Он не позвонил. Он написал. И не «я рядом», а «прости». Но для Кости, который двадцать три года молчал, это было всё равно что крик.
– И что ты? – спросила она.
– Ничего. Пока не ответила. Не знаю, что писать.
– Не торопись. Ответишь, когда будешь готова.
Света кивнула. Потом вдруг улыбнулась. Первый раз за эти два дня. Улыбка была слабая, осторожная, как первый подснежник сквозь корку льда. Но настоящая.
Та самая чашка
Нина Васильевна пробыла у дочери неделю. Помогла собрать вещи Игоря, за которыми тот пришел. Забирал молча, не глядя в глаза, в четверг вечером. Помогла отмыть квартиру. Сварила борщ, который Света ела три дня и каждый раз говорила: «Мам, он вкуснее, чем в детстве». Хотя рецепт не менялся тридцать лет.

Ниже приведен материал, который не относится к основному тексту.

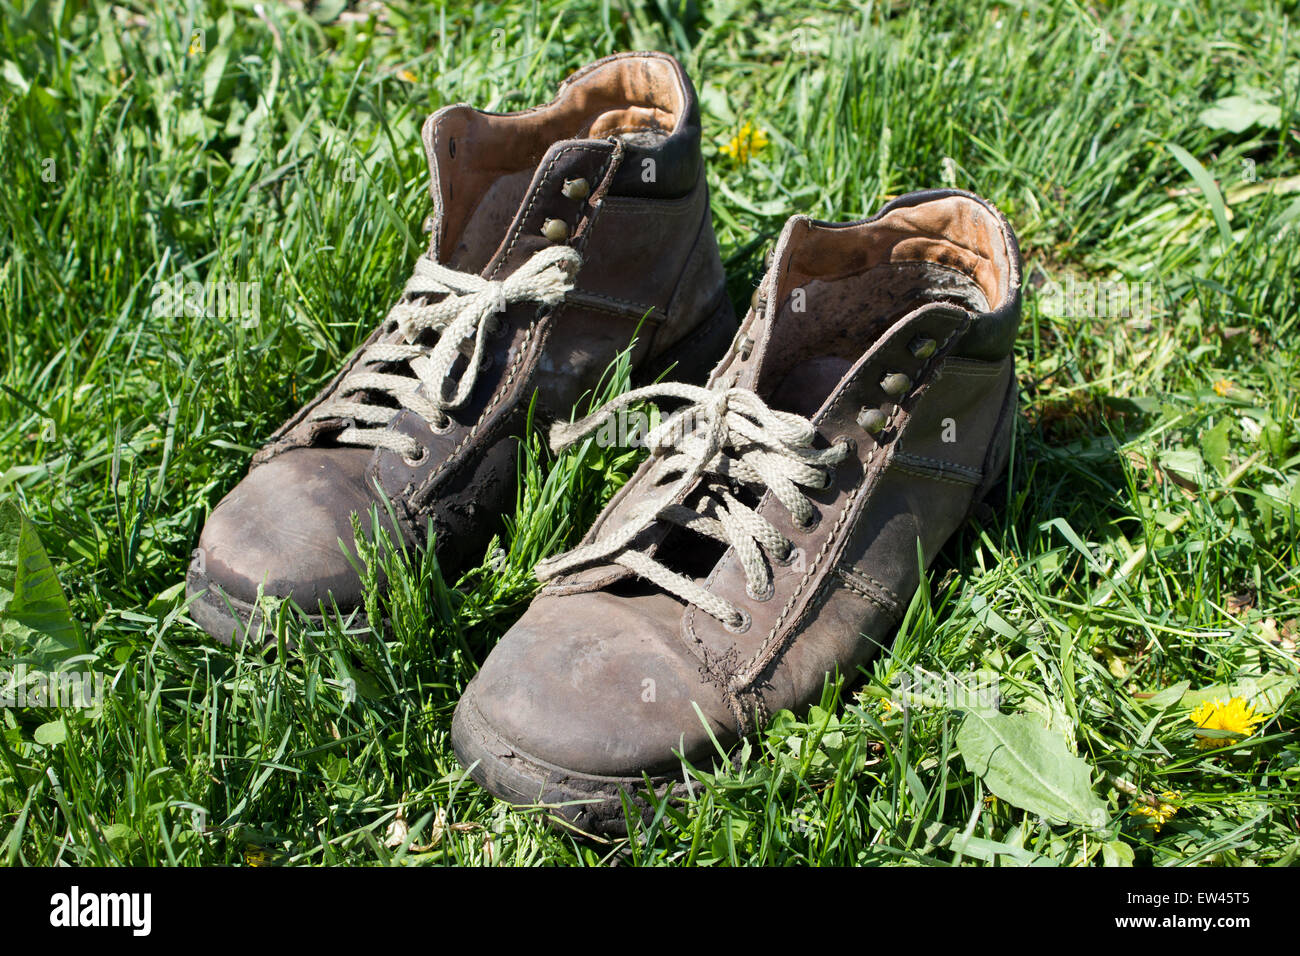 Boots on grass background/A vintage boots on grass Stock Photo - Alamy

В последний вечер они сидели на кухне. За окном темнело. Света листала что-то в телефоне. Нина Васильевна мыла посуду.
– Мам, – сказала Света, не отрываясь от экрана.
– М?
– Папа звонил. Сегодня. Мы разговаривали сорок минут.
– И как?
– Странно. Он плакал. Я не ожидала.
– Мужчины тоже плачут, Свет. Просто обычно не при свидетелях.
– Он сказал, что жалеет. Что каждый день жалеет. Что Лариса от него ушла через два года, и с тех пор он один.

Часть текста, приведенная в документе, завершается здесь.